Grandma’s Chicken Liver Pate

Successful pate making deserves a kiss, don’t you think?

WARNING. This recipe comes with a warning and it is not to be taken lightly.

If you make this recipe you will from that day forward be condemning yourself to repeated requests from friends and family members to make it.

Furthermore, you will waste a bucket of cash buying and trying store bought pates and throwing them out after the first taste because they will be horrid and unstomachable compared to the one you make. This is not a joke. I’m being serious.

This is the most requested meal in my mother’s substantial arsenal of recipes. When she goes to my sister’s place up near Cairns, she has to make it. Not just for my sister, but for the tenants at the caravan park as well.

The recipe below makes a lot of pate, which is good. You’ll want a lot. You can halve the ingredients if you like but you’ll probably live to regret that decision.

We freeze the little ramekin pots and pull them out as needed, ie daily. We spread the pate on toast for breakfast, use it in lasagna, beef wellington and spaghetti, and sometimes just hoe in with a spoon.

I can’t tell you how long it lasts in the freezer because the longest we’ve managed to leave one in there was three months – it was hidden behind a leg of lamb and when found was greeted with the same sort of elation Pippa’s butt received when she arrived at her sister’s wedding.

You have been warned. Proceed at your own risk. 

You will need: 

1kg chicken livers

500g butter ( half for pate mix, half for covering pate in pots)

2 large onions

1 teaspoon thyme

1 bayleaf

12 rashers bacon

6 tablespoons port

6 tablespoons dry sherry

2 tablespoons brandy

Masterchef Master7

salt, pepper

1 cup cream

250g mushrooms

Step One. Soak the livers in salted water for an hour.

Step Two. While livers are soaking, finely cut the onions, bacon and mushrooms.

Step Three. Clean the livers (roughly removing any ‘yucky’ bits and keeping the soft stuff)

Step Four. Melt butter in a large pan, add onions, bacon, thyme and bayleaf. Saute slowly until tender only, not brown.

Step Five. Add livers and cook for a further 7 minutes, stirring occasionally.

Step Six. Remove bayleaf. Pour the mixture into a blender and give it a few pulses.
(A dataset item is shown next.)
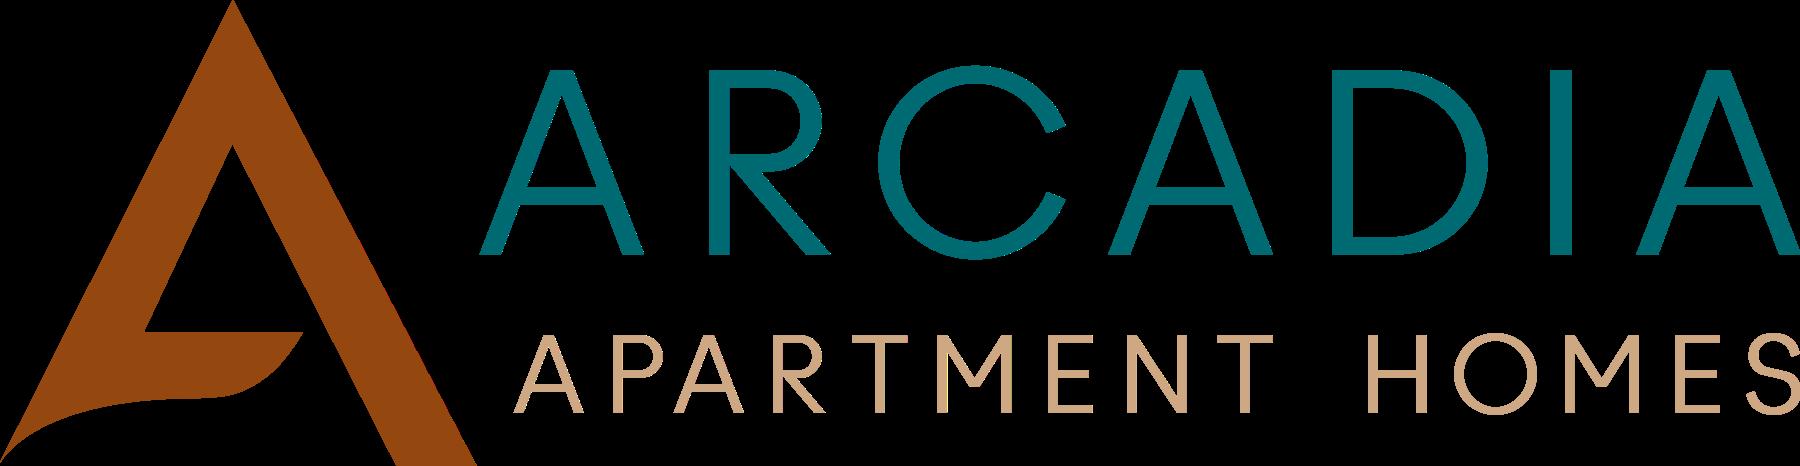 Arcadia Apartment Homes Logo
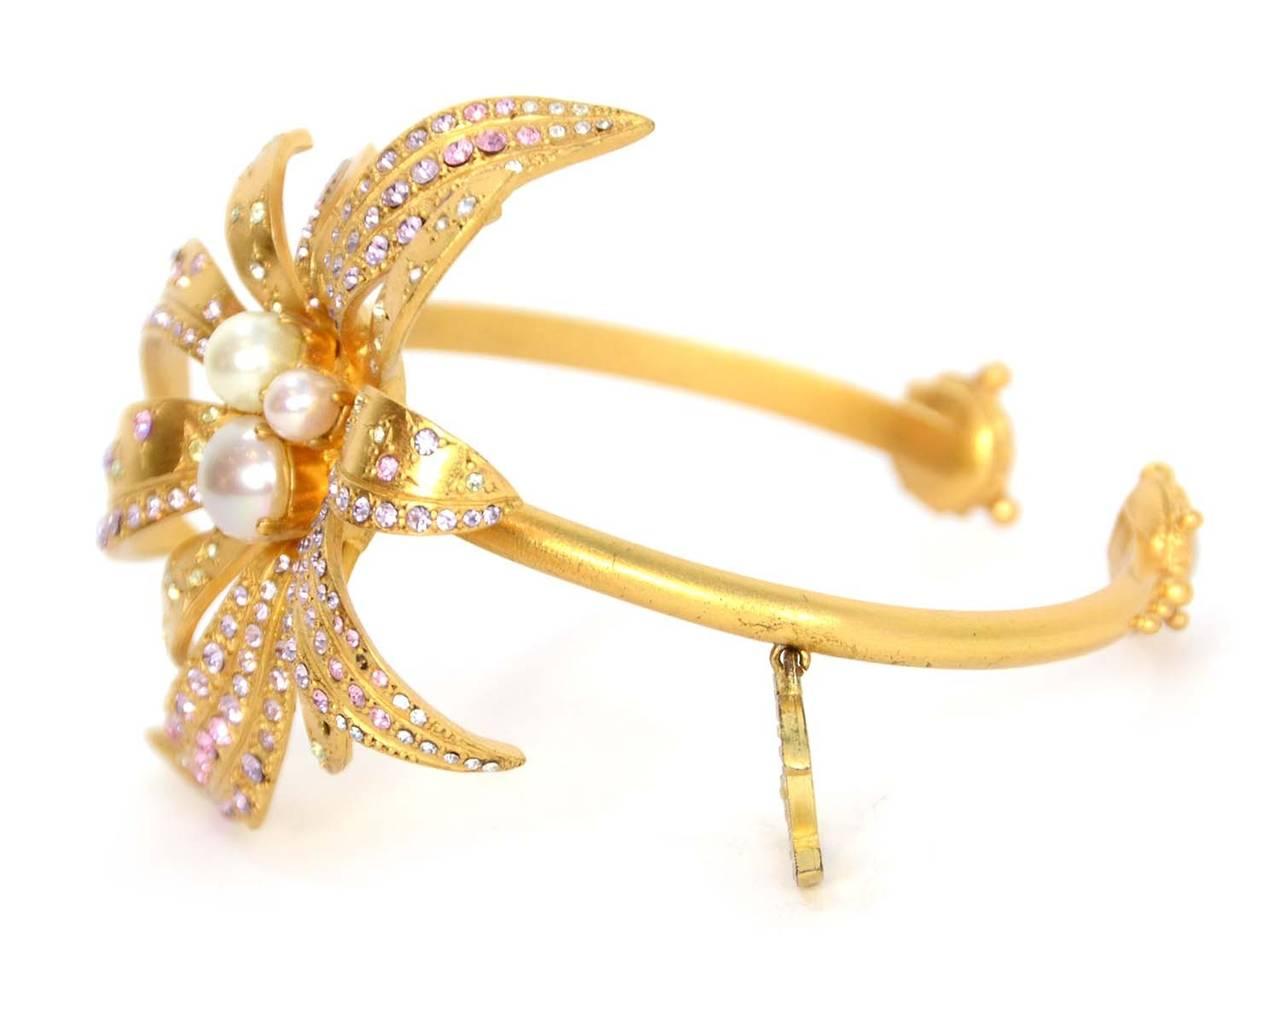 CHANEL 2002 Gold Bracelet w/Pink Rhinestone Flower & Pearls 2

Depending on your blender you may need to do this in two lots, which is fine, but just remember to divide up the alcohol/mushroom reduction you’re cooking in step seven between the two lots of mixture (step eight). 

Step Seven. In pan, add port, sherry, brandy, cream, mushrooms and generous pinch salt and pepper. Bring to boil while stirring then simmer until reduced by half.

Step Eight. Pour sauce into blender with liver mix and give it a few pulses until smooth.

Step Nine. Some people like to push the mixture through a sieve before dividing up amongst some ramekins, but we like our pate rustic. We filled about fifteen ramekins of varying sizes with the mixture today, even after a goodly amount ended up in our stomachs. Don’t fill all the way to the top edge and give each ramekin a tap on the bench to help the pate settle smoothly.

Step Ten. When the mixture is cool (you can refrigerate for a bit or just wait until it approaches room temperature) melt the remaining 250g of butter in a pan and then pour over the top of the pate in each ramekin then refrigerate to set.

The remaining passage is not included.